Stockland managing director Matthew Quinn said the market for new housing was the weakest he had seen in about 20 years, calling conditions ‘arguably the most difficult’ in that period. He highlighted cautious consumers and household deleveraging as reasons the market remains soft, and said any recovery is likely to be slow. For investors, this means developers’ short-term earnings are uncertain and sales momentum may remain subdued until consumer confidence improves.
How does the Reserve Bank governor view housing affordability compared with Stockland’s outlook?
Reserve Bank governor Glenn Stevens rejected talk of a housing bubble and said, in his view, prices were not unreasonably high. He noted national dwelling prices have declined and are around 2002 levels, arguing housing has become more affordable. This contrasts with Stockland’s view of a very weak market — illustrating differing perspectives between the central bank and some industry participants.
What recent home lending data from the Australian Bureau of Statistics should investors know about?
The Australian Bureau of Statistics reported that the value of all home lending rose by 2.4%. Owner-occupier loans increased by 1.2% while investment loans rose by 4.9%. These lending movements were cited in the article as supporting the Reserve Bank governor’s comments about improved affordability.
Which factors did Stockland cite as driving the tough housing market conditions?
Stockland attributed the difficult conditions to three main factors: jobs, interest rates and home prices. The company said weakness across these areas has reduced buyer urgency and investor spending, affecting residential, retail and retirement segments.
What did Stockland say about its earnings outlook and distribution policy?
Stockland described the short-term earnings outlook as 'highly uncertain' and warned that, unless residential market conditions improve significantly within a few months, earnings per security for the 2013 financial year were likely to be lower than the year to June 30, 2012. Despite this, the company said it would maintain the current distribution, and if necessary could do so by increasing the payout ratio beyond the current 85% maximum rather than relying on improved sales.
What did NAB’s Quarterly Australian Commercial Property Survey say about commercial property sentiment?
NAB’s June 2012 commercial property survey showed the commercial property index slid to a new low of -16 points, indicating fewer property professionals expect positive capital or income returns. The report said retail and industrial participants were particularly pessimistic, with softer expectations also in office and CBD hotel markets.

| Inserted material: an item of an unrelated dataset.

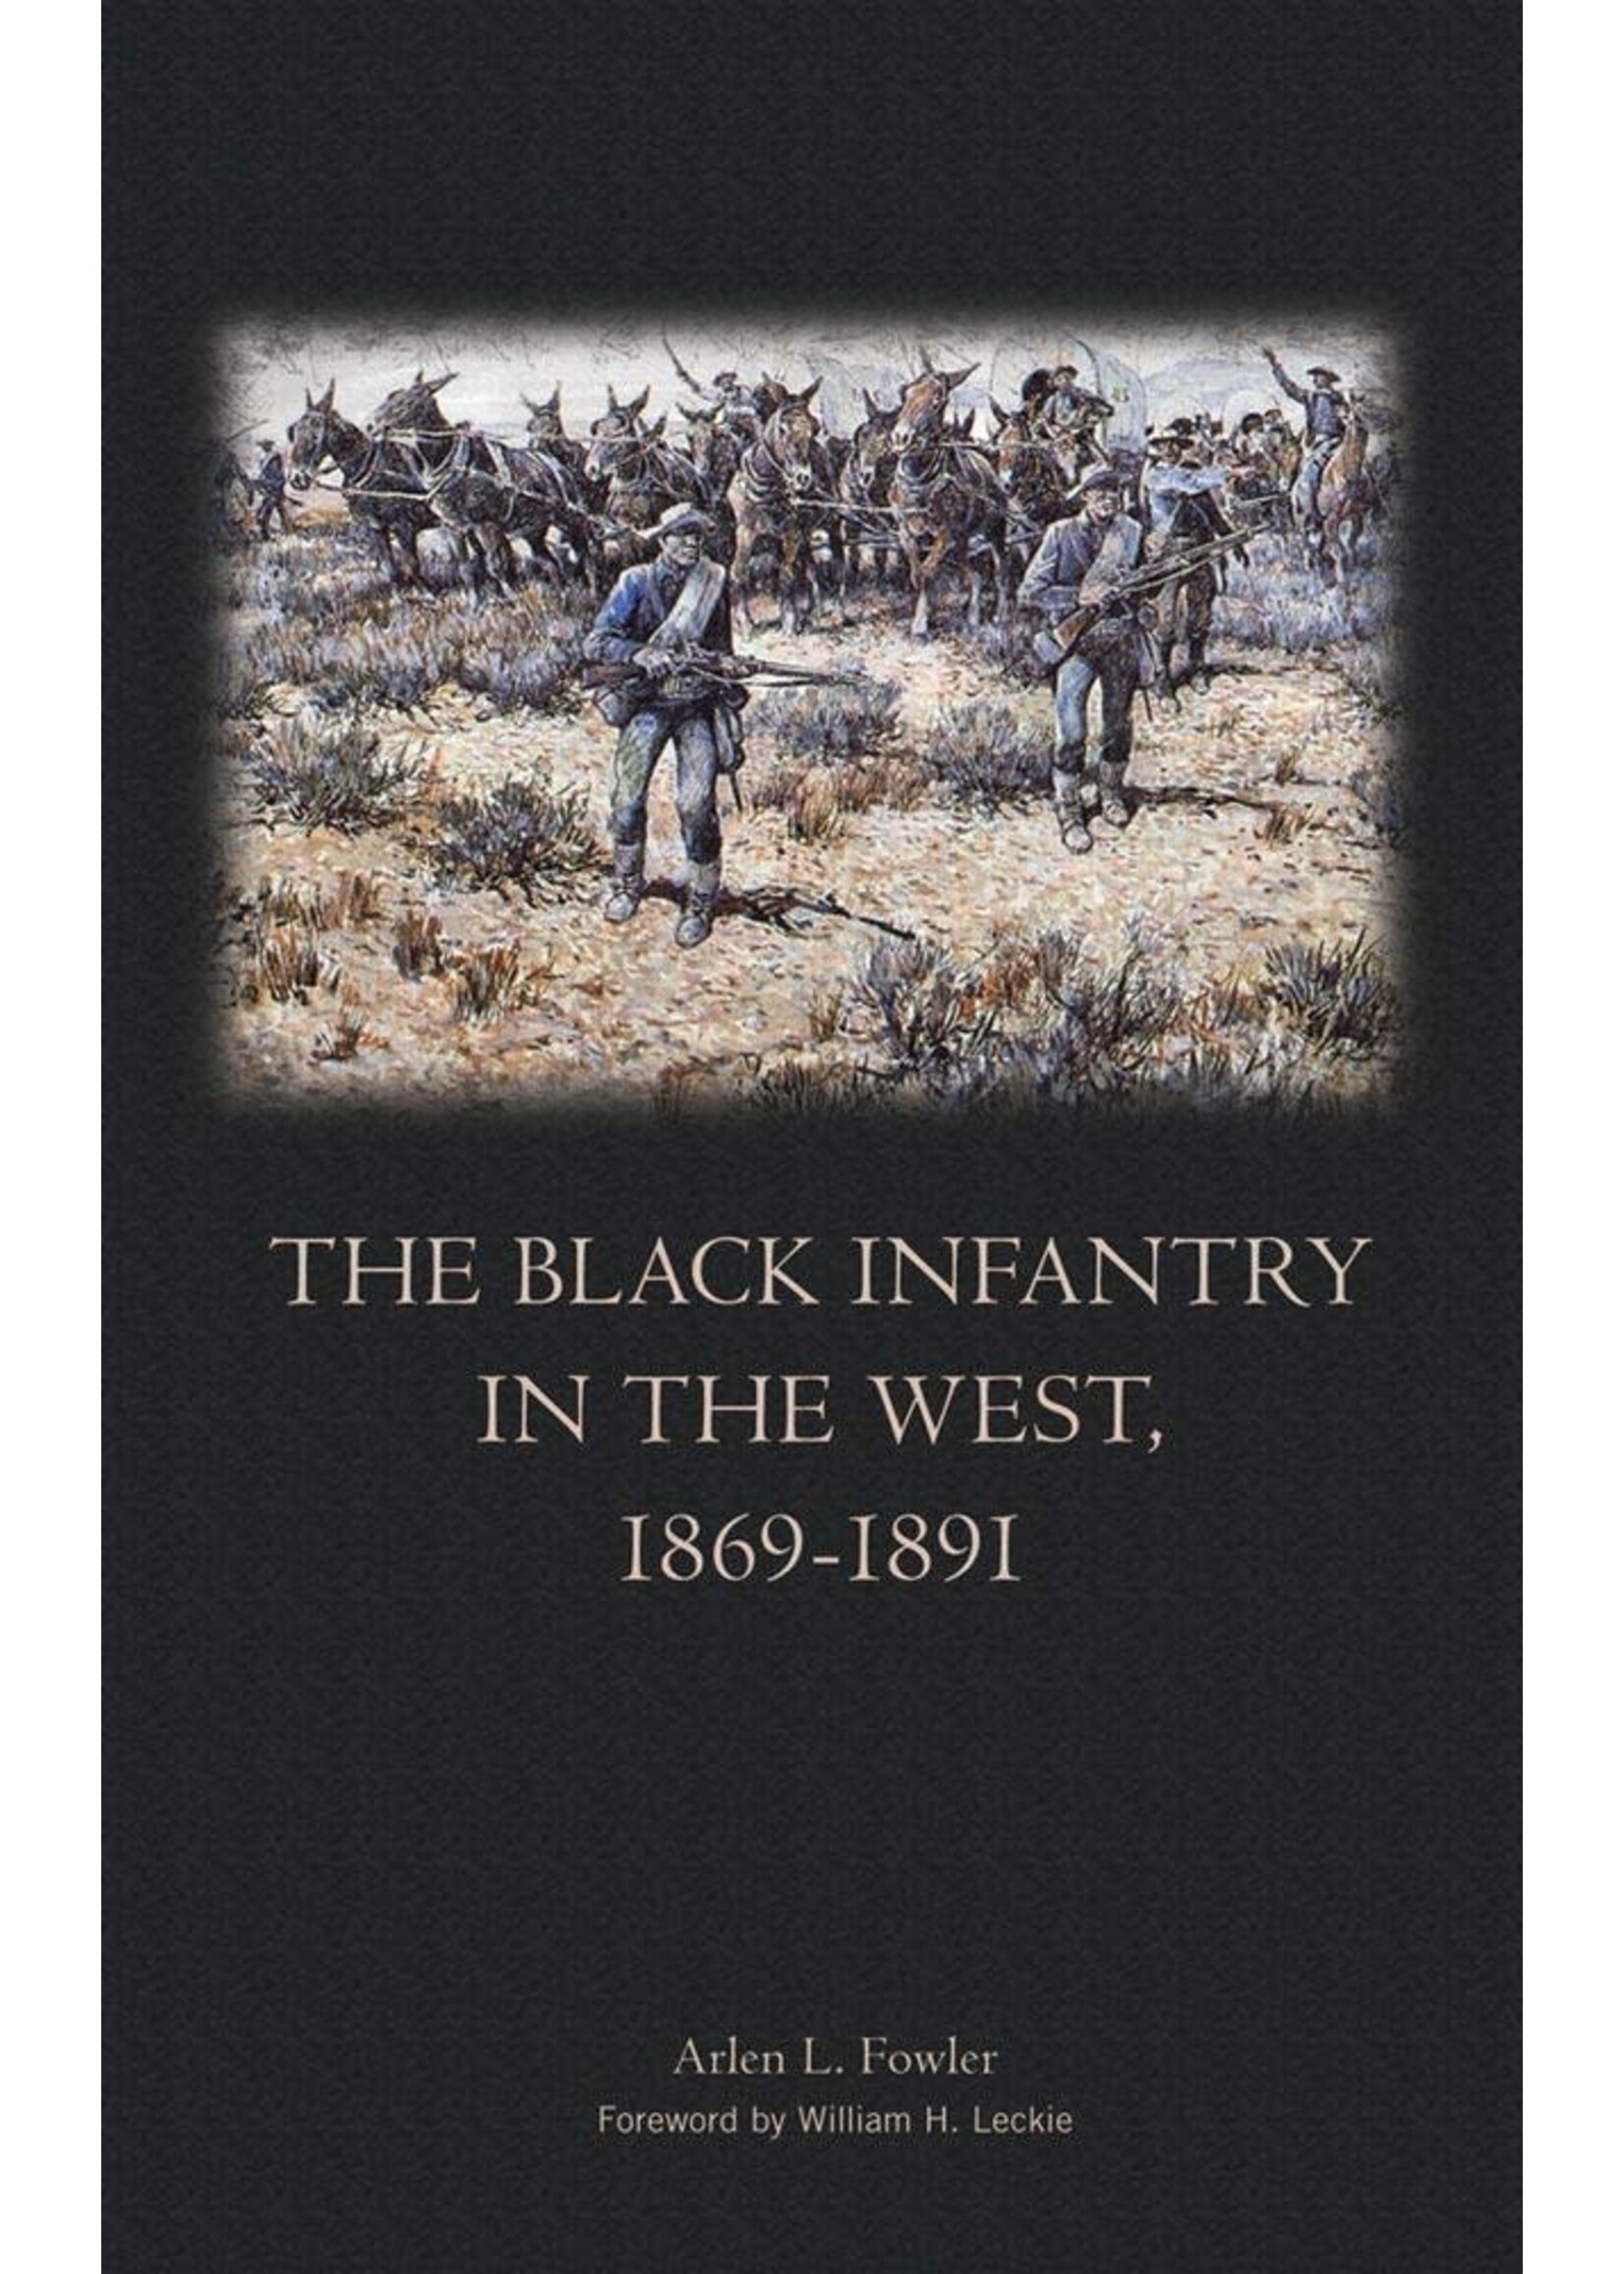 The Black Infantry in the West, 1869-1891

How did analysts at Macquarie Equities react to Stockland’s results and outlook?
Macquarie Equities analysts said they had expected residential margin pressure, but that Stockland’s actual results and the 2013 outlook were even worse than they had been anticipating, reflecting the tougher-than-expected housing conditions described by the company.
What practical takeaways for everyday investors emerge from this article about the housing market and property companies?
Key takeaways are: developers like Stockland are signalling a weak residential market and uncertain near-term earnings; the Reserve Bank and ABS data point to improved affordability on a national basis; commercial property sentiment is weak per NAB’s survey; and investors should watch jobs, interest rates and lending trends closely, as these are cited drivers of housing demand and company earnings. These are factual points from the article that investors can monitor when assessing property-related investments.